I remember once, I was looking in the open air, and one of those glorious little thistle-down things came and I picked it up like that and brought it down. And it looked as if it was struggling to get away just as if you caught an insect by one leg. Like a daddy longlegs or something of that kind. It seemed to be struggling to get away and I first I thought well it’s not doing that that’s just the wind blowing. Then I thought again. Really? Only the wind blowing? Surely, it is the structure of this thing which in cooperation with the existence of wind, enables it to move like an animal. But using the wind’s effort. Not its own. It is more intelligent being than an insect in a way because. Insect uses effort like a person who rows a boat uses effort but the man who puts up a sale is using magic. He lets nature do it for him, with the intelligence to use a sail. So in just this way there is the meaning of Te, is that kind of intelligence, which, without your using very much effort, gets everything to cooperate with you. You, for example, never force other people to agree with you but you give them the notion that the idea you wanted them to have was their own. This is a feminine art, preeminently. A woman, who really wants a lover does not pursued him. Because then most men feel that she’s aggressive and if she’s aggressive she obviously is a woman who has had difficulty in finding lovers, and therefore there must be some undesirably secret thing about her.

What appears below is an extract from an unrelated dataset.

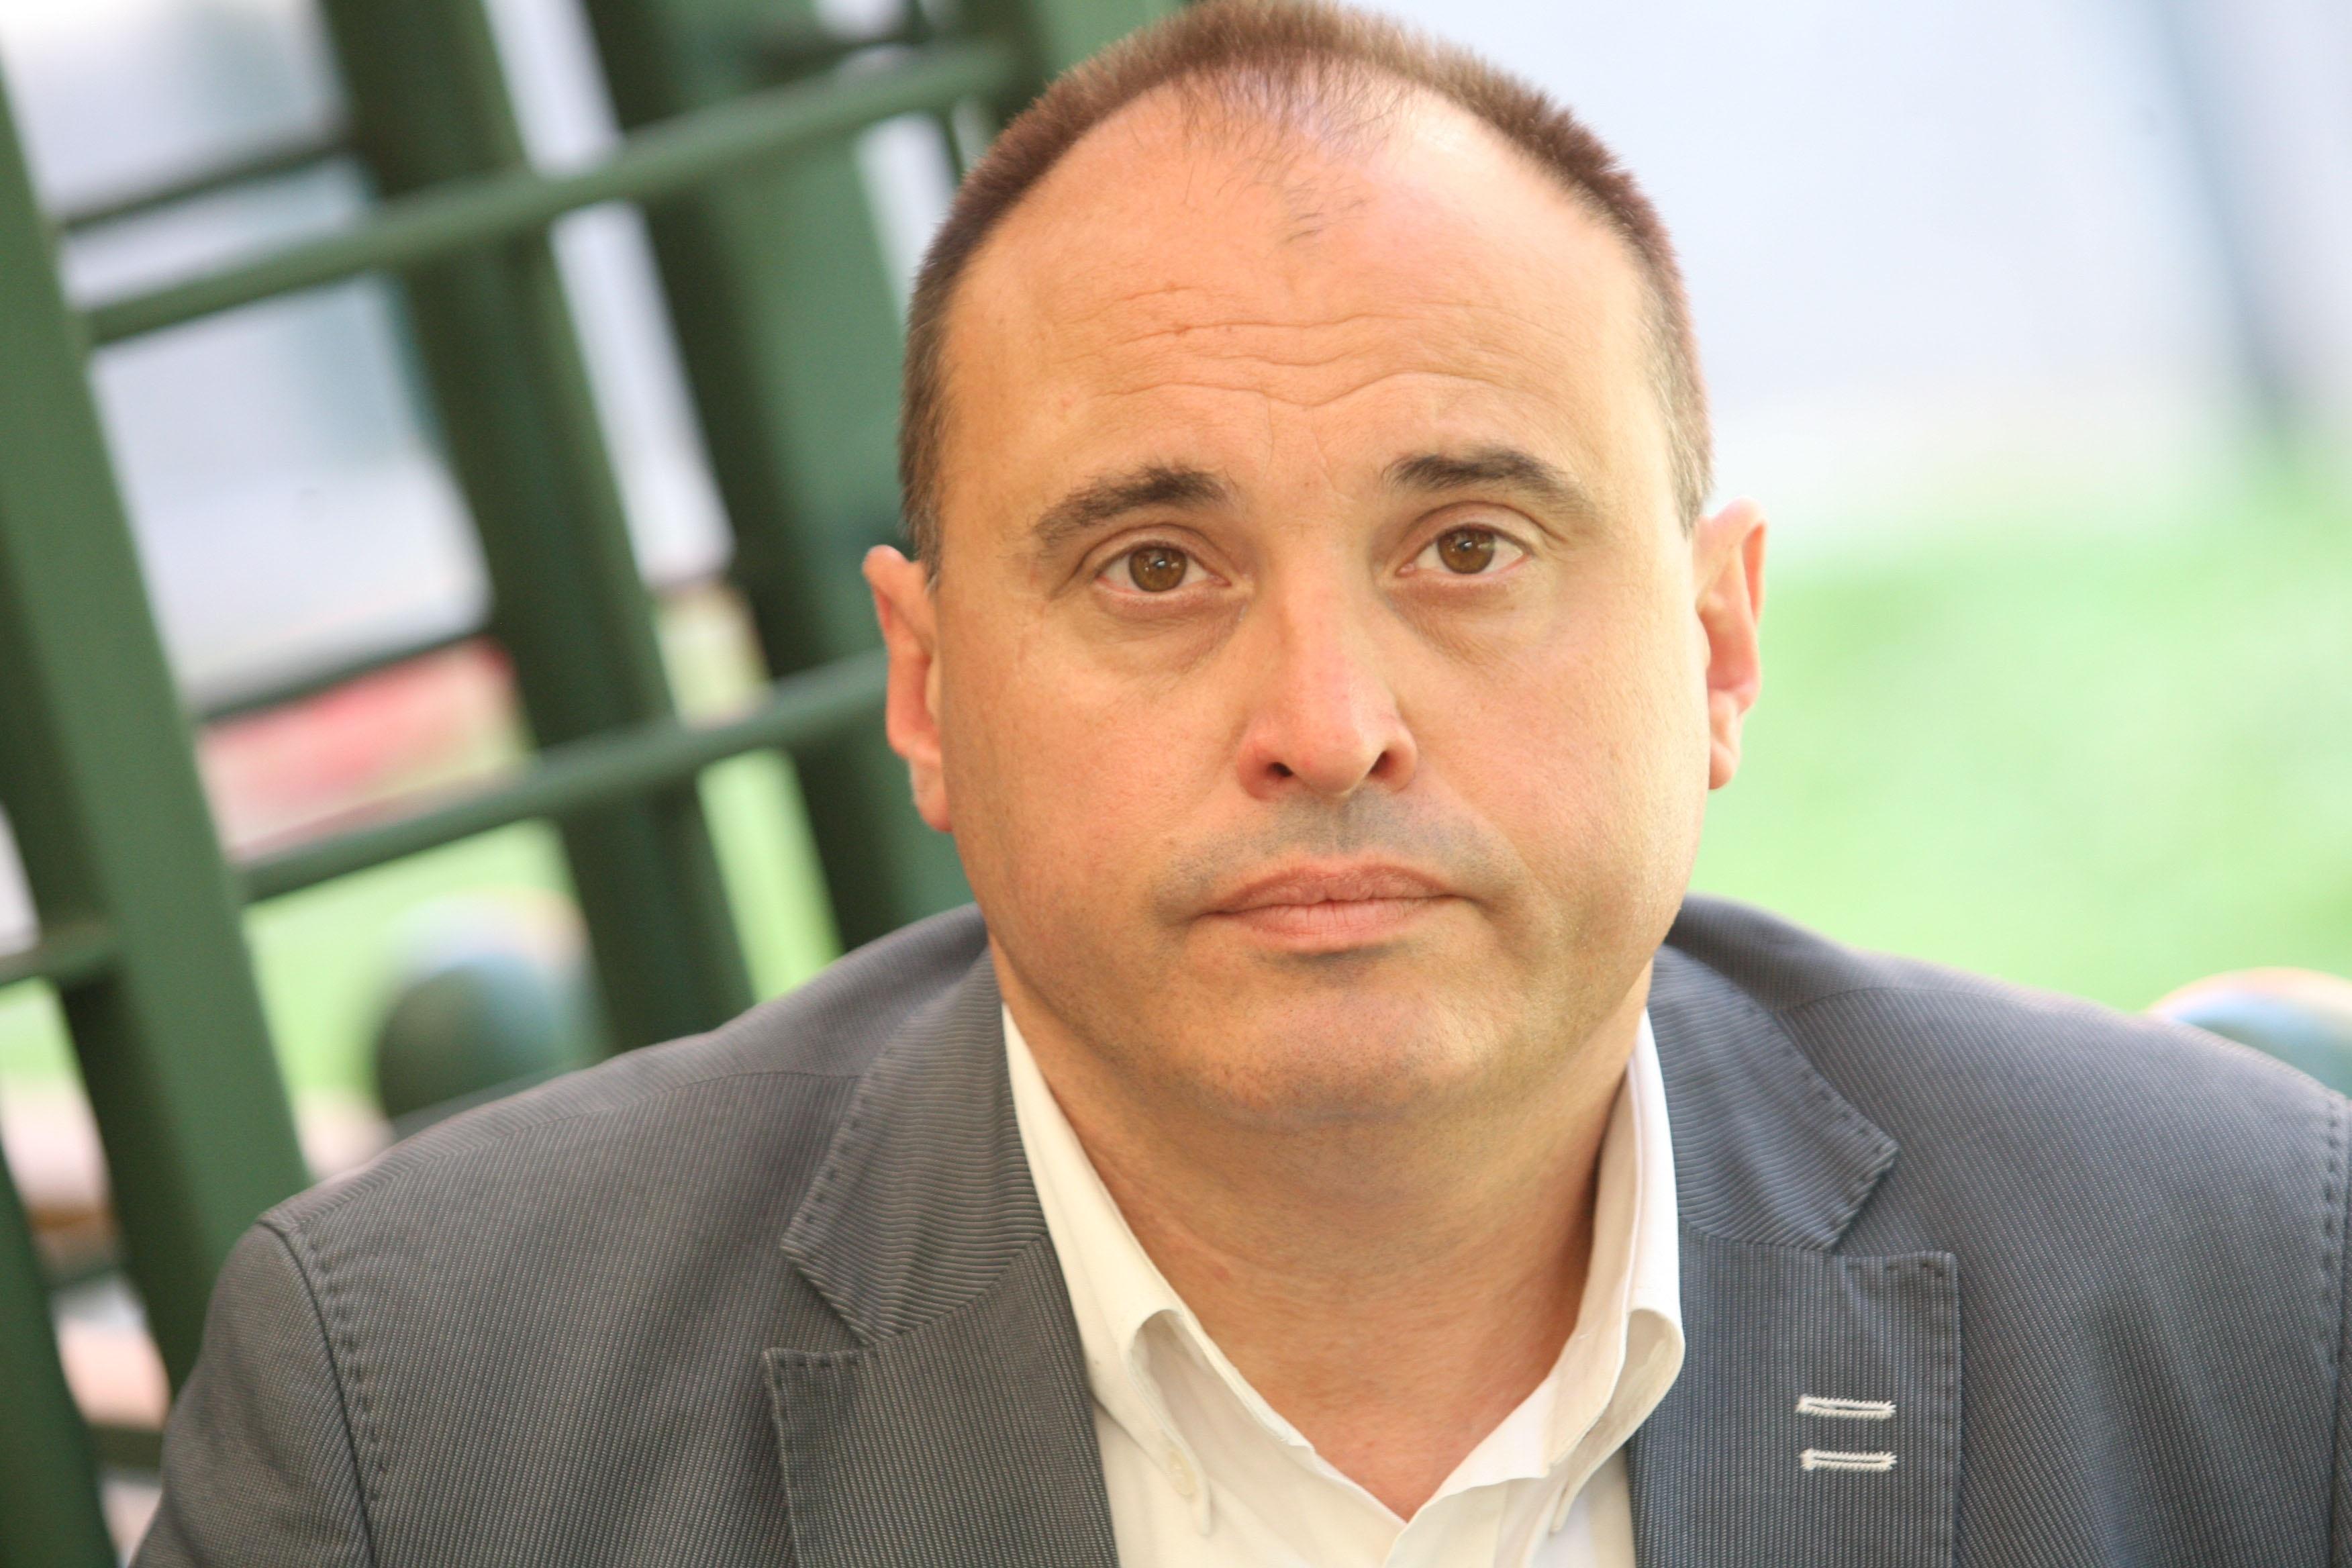 Икономистът Румен Гълъбинов е с номер 18

But if she as it were, makes a void, then and this is slightly difficult to get, then people get excited they know she is a highly prized object, and so they pursue. The same way when you want to teach a baby to swim. You could, a thing you can do is to put the baby in the water and then move backwards in the water and create a vacuum and this pulls the baby along. It helps it to learn the feel of the water and how to swim it’s the same principle.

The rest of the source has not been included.